Given data:
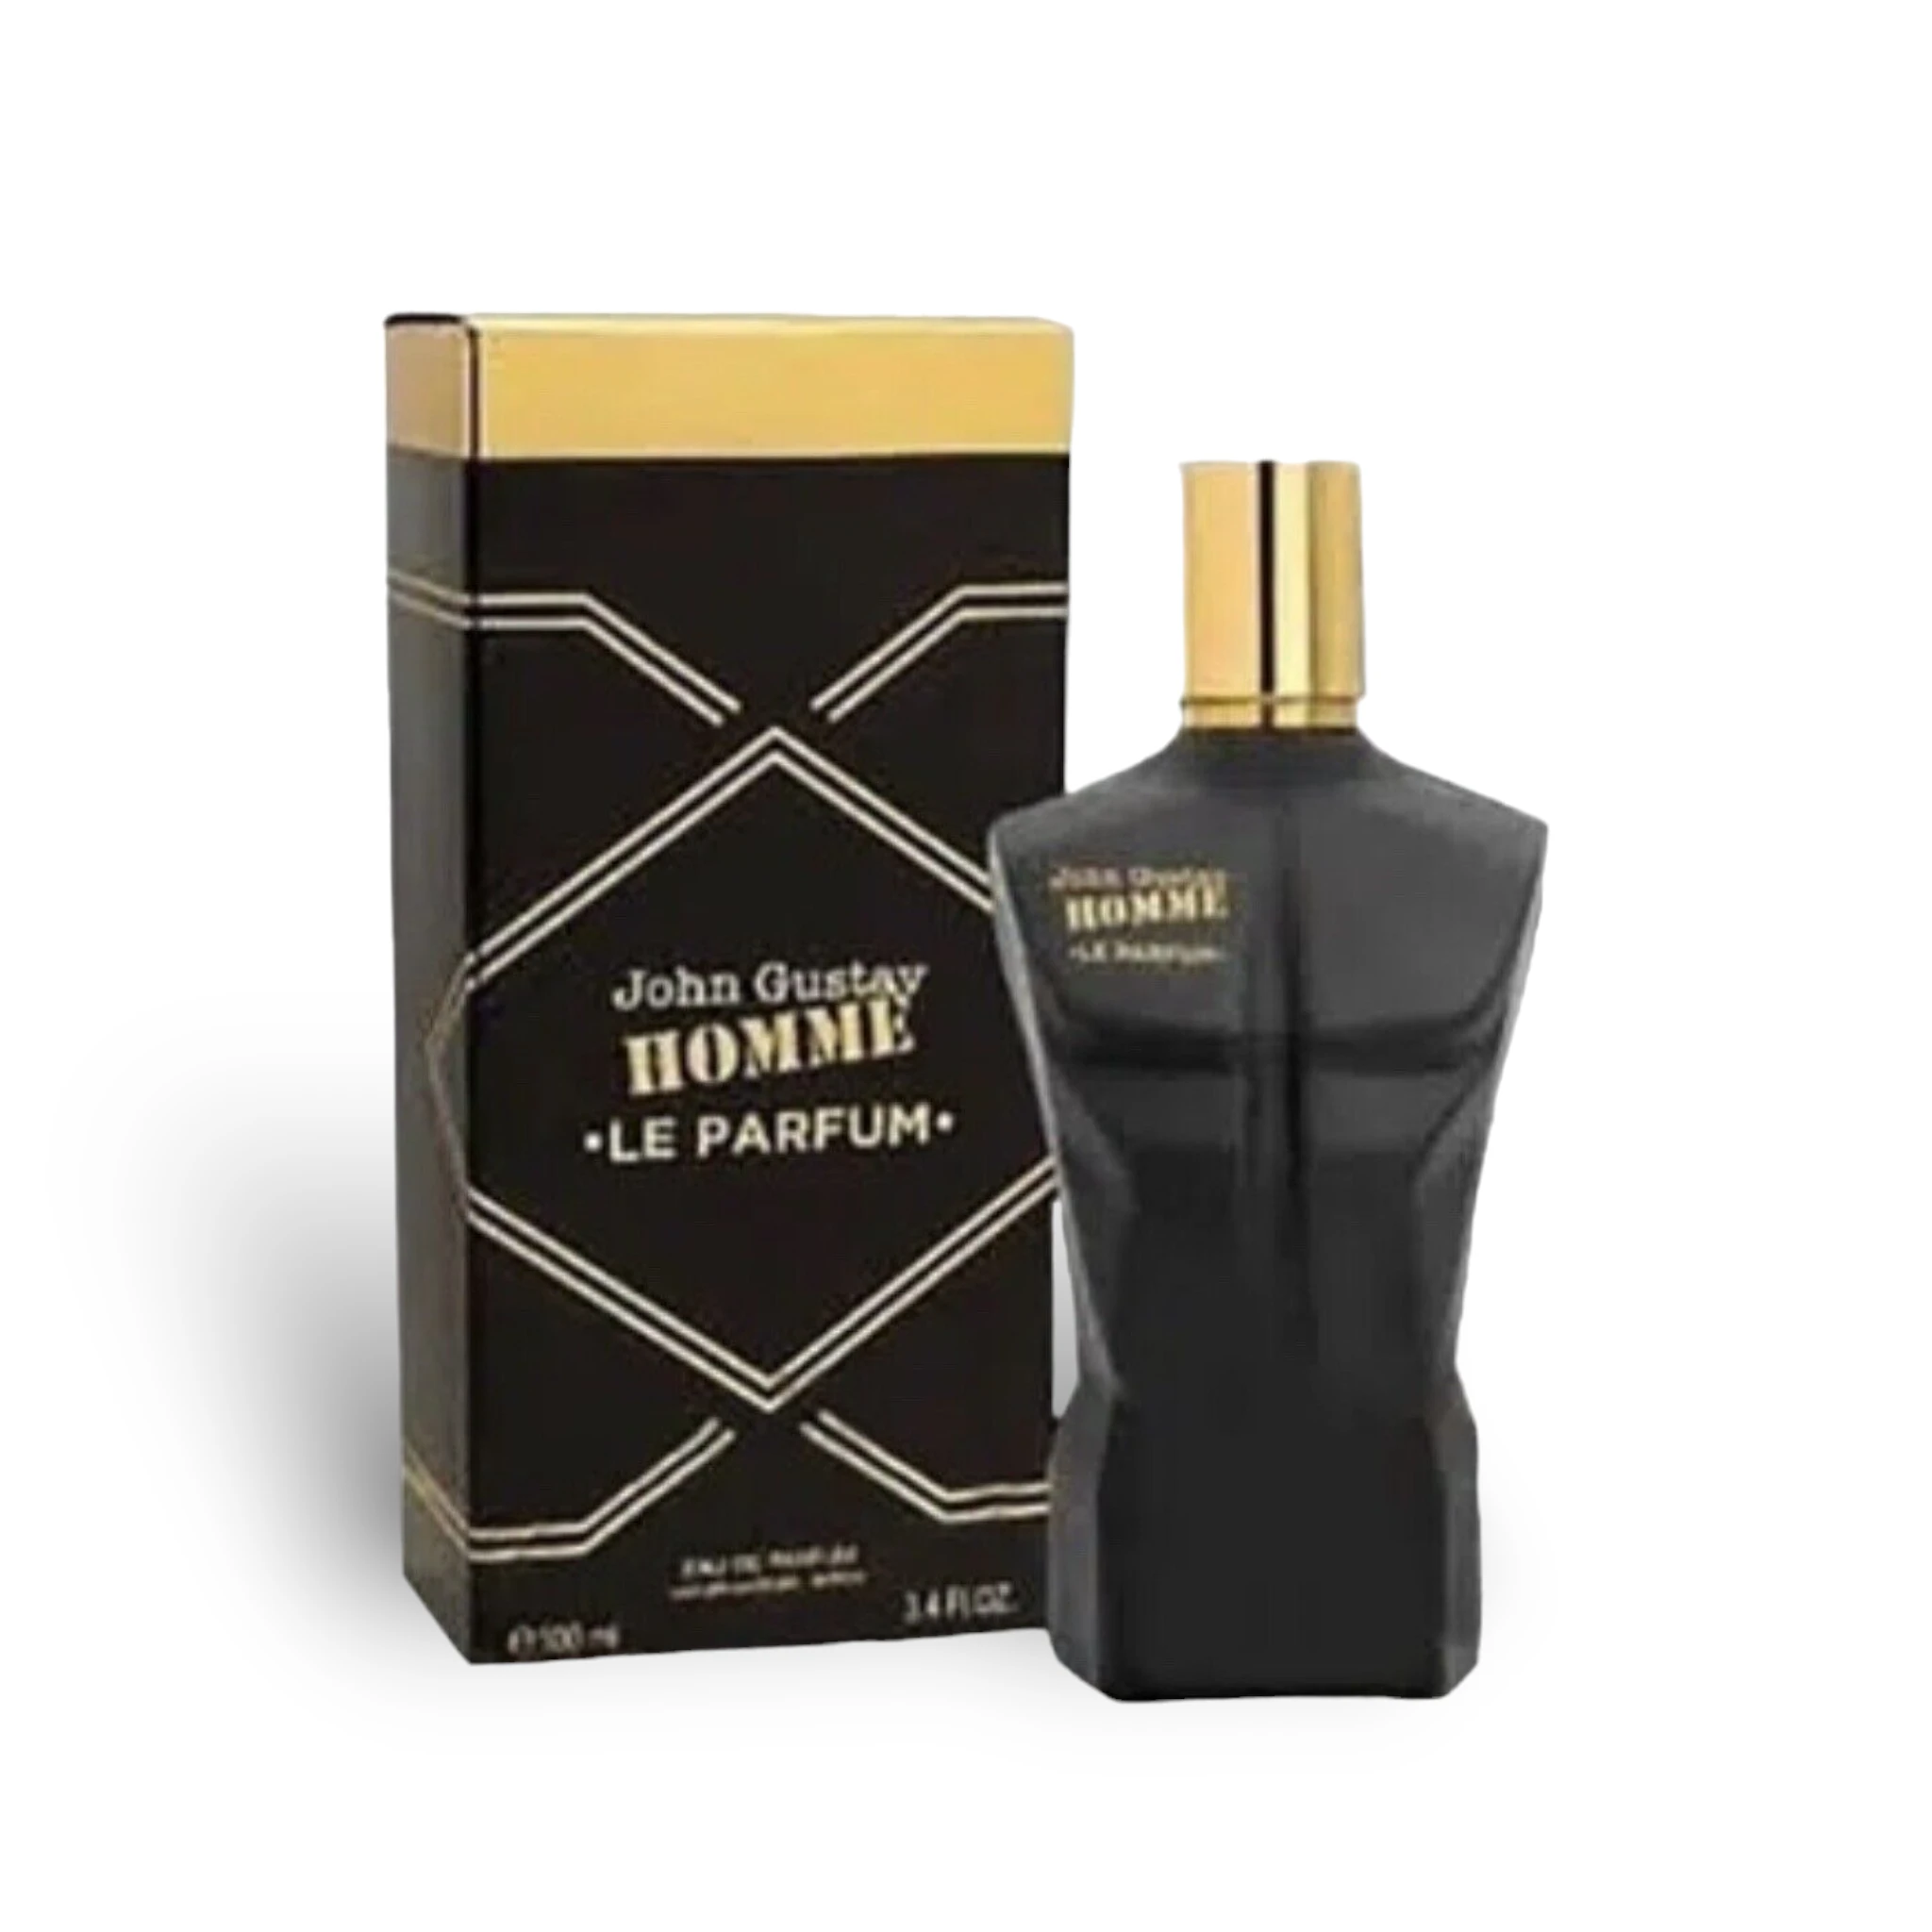 John Gustav Homme Le Parfum 100Ml Edp By Fragrance World
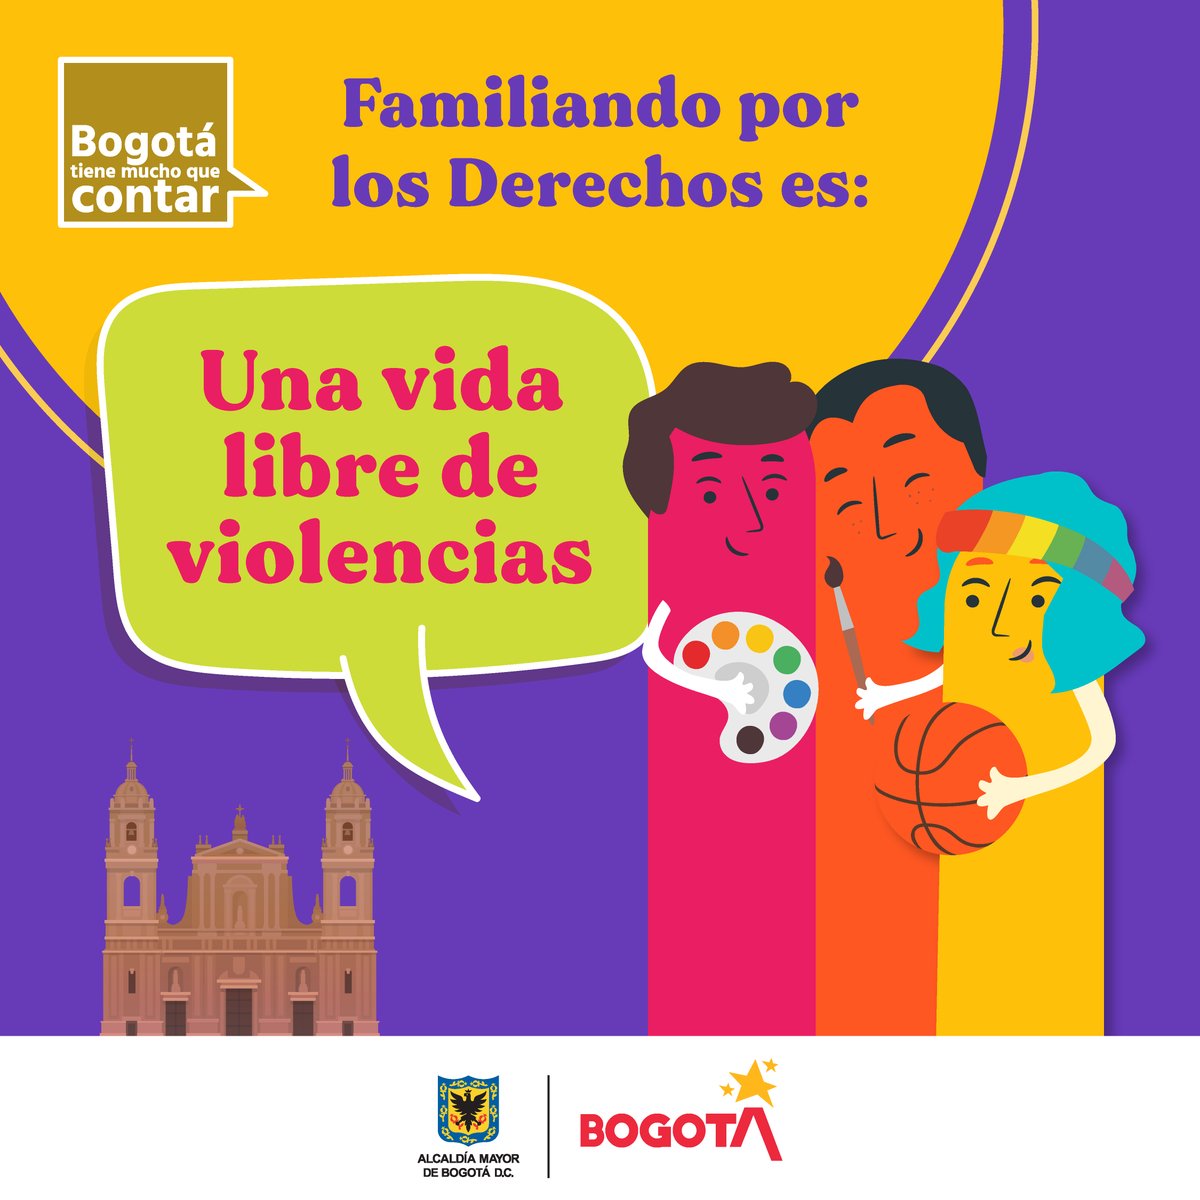 Normalicemos actos de servicio y amor sin violencia

La armonía en las familias de Bogotá es fundamental para que en el día a día nos cuidemos con afecto, factores que inciden en su libertad, integridad y salud física y mental.

#SacaLoMejorDeTi y demuestra que el cambio eres tú

To do: The copy should begin at the line containing "Normalicemos actos de" and end at the last line of the data above; please restate those lines word for word without the pictures.

Result below:
 Normalicemos actos de servicio y amor sin violencia

La armonía en las familias de Bogotá es fundamental para que en el día a día nos cuidemos con afecto, factores que inciden en su libertad, integridad y salud física y mental.

#SacaLoMejorDeTi y demuestra que el cambio eres tú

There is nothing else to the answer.